This was a global, single arm, open label Phase 2 trial in 89 patients with previously untreated epithelial or mixed histology unresectable malignant pleural mesothelioma. Subjects received P/C every three weeks for 4 to 6 cycles combined with AMA 5mg/kg on days 1 and 8 of each 21 day cycle. All patients were fully supplemented with folate and B12 as per pemetrexed label requirements. Single agent AMA was then continued in the same schedule until disease progression. The primary endpoint was progression-free survival (PFS) at 6 months with a secondary end point of overall survival (OS).

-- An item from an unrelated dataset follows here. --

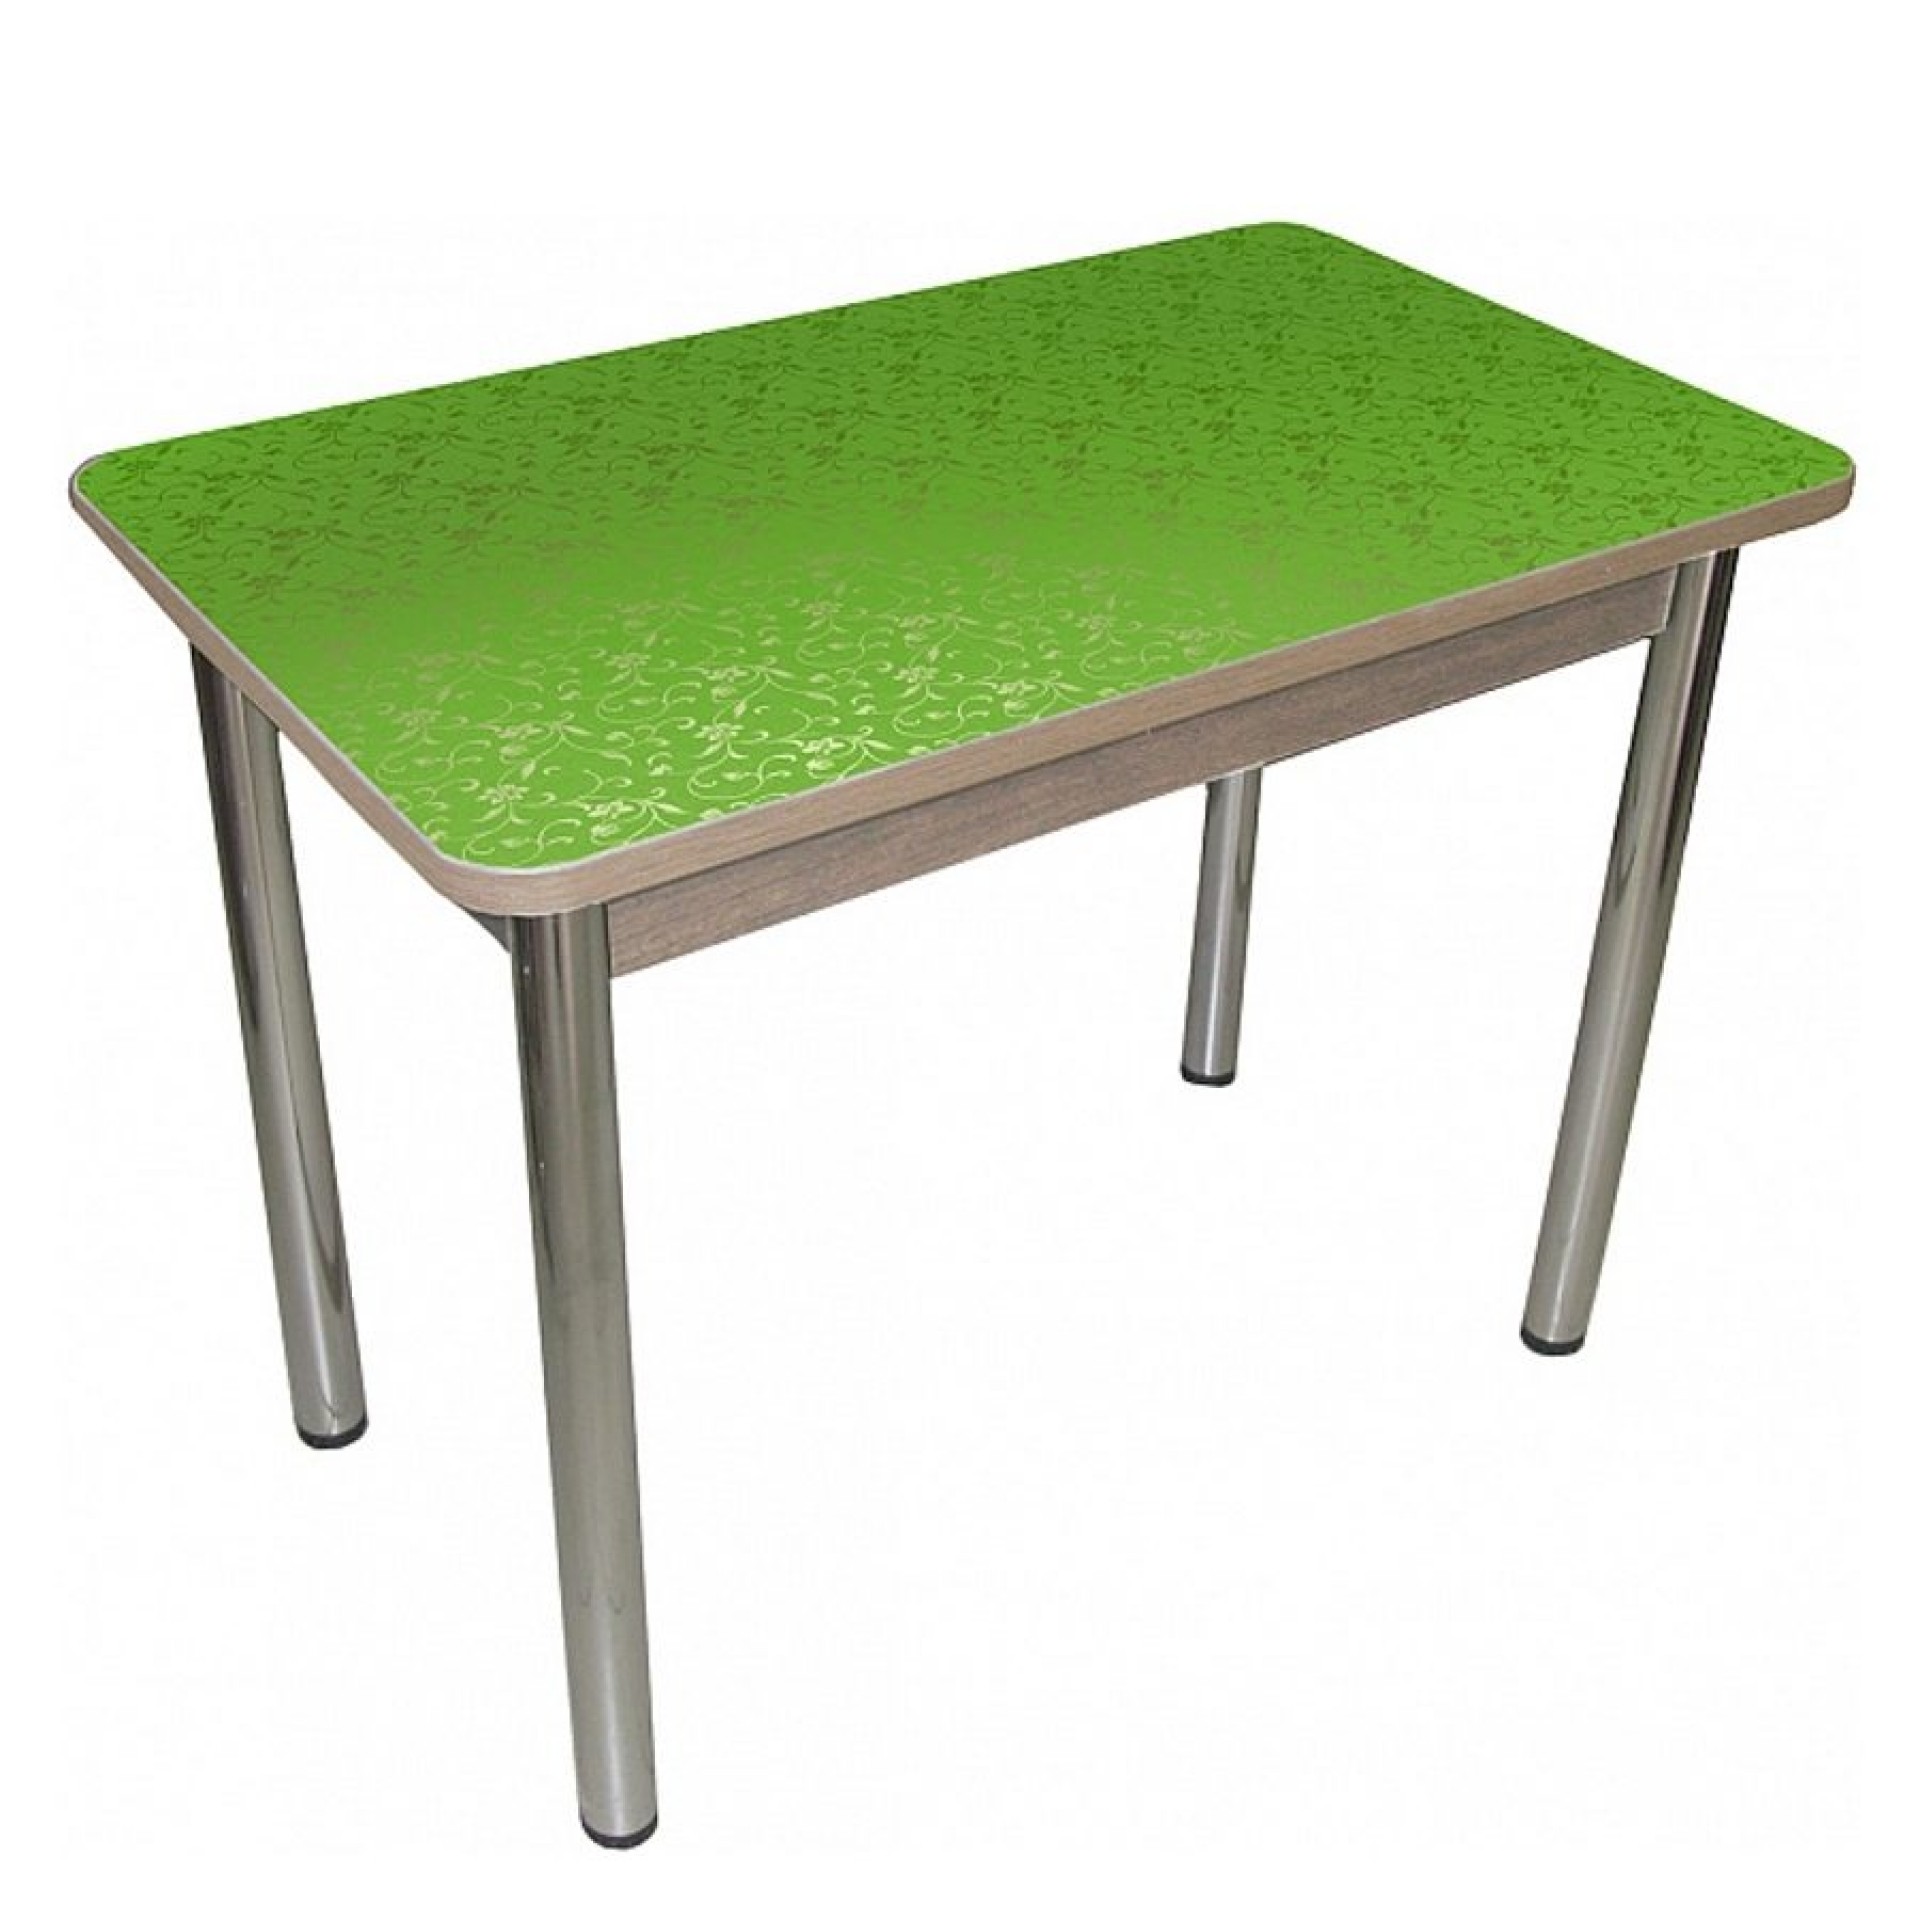 Стол кухонный гомель. Стол Милтон 2 Столпром. Стол кухонный. Зеленый стол. Стол дачный.

Median PFS was 6.1 months while median OS was 14.8 months. An evaluation of serum drug concentration relationship with clinical response noted that those subjects who achieved a median trough serum concentration of 32.9 µg/mL had an improved median PFS over those whose trough serum concentration was below the median (238 days vs 115 days, p<0.001). Similarly those subjects with a serum trough concentration of AMA above a median of 38.2 µg /mL had a median OS of 583 days while those with a median serum concentration of AMA below 38.2 µg /mL had a median OS of 375 days, p=0.0202. The most commonly reported adverse event was that of hypersensitivity to the chimeric antibody at first dose second cycle.
The safety profile of AMA in combination with P/C was consistent with that seen previously for the PC regimen. Although PFS is not significantly different from historical results of P/C alone, the median OS was 14.8 months (as compared to 13.3 months for P/C). PK/PD analysis demonstrated that AMA trough concentrations were a significant predictor of both PFS and OS where higher concentrations were associated with longer OS and PFS. Reference: Vogelzang NJ, Rusthoven JJ, Symanowski J, et al. Phase III Study of Pemetrexed in Combination With Cisplatin Versus Cisplatin Alone in Patients With Malignant Pleural Mesothelioma. J Clin Oncol, 2003; 21:2636-2644.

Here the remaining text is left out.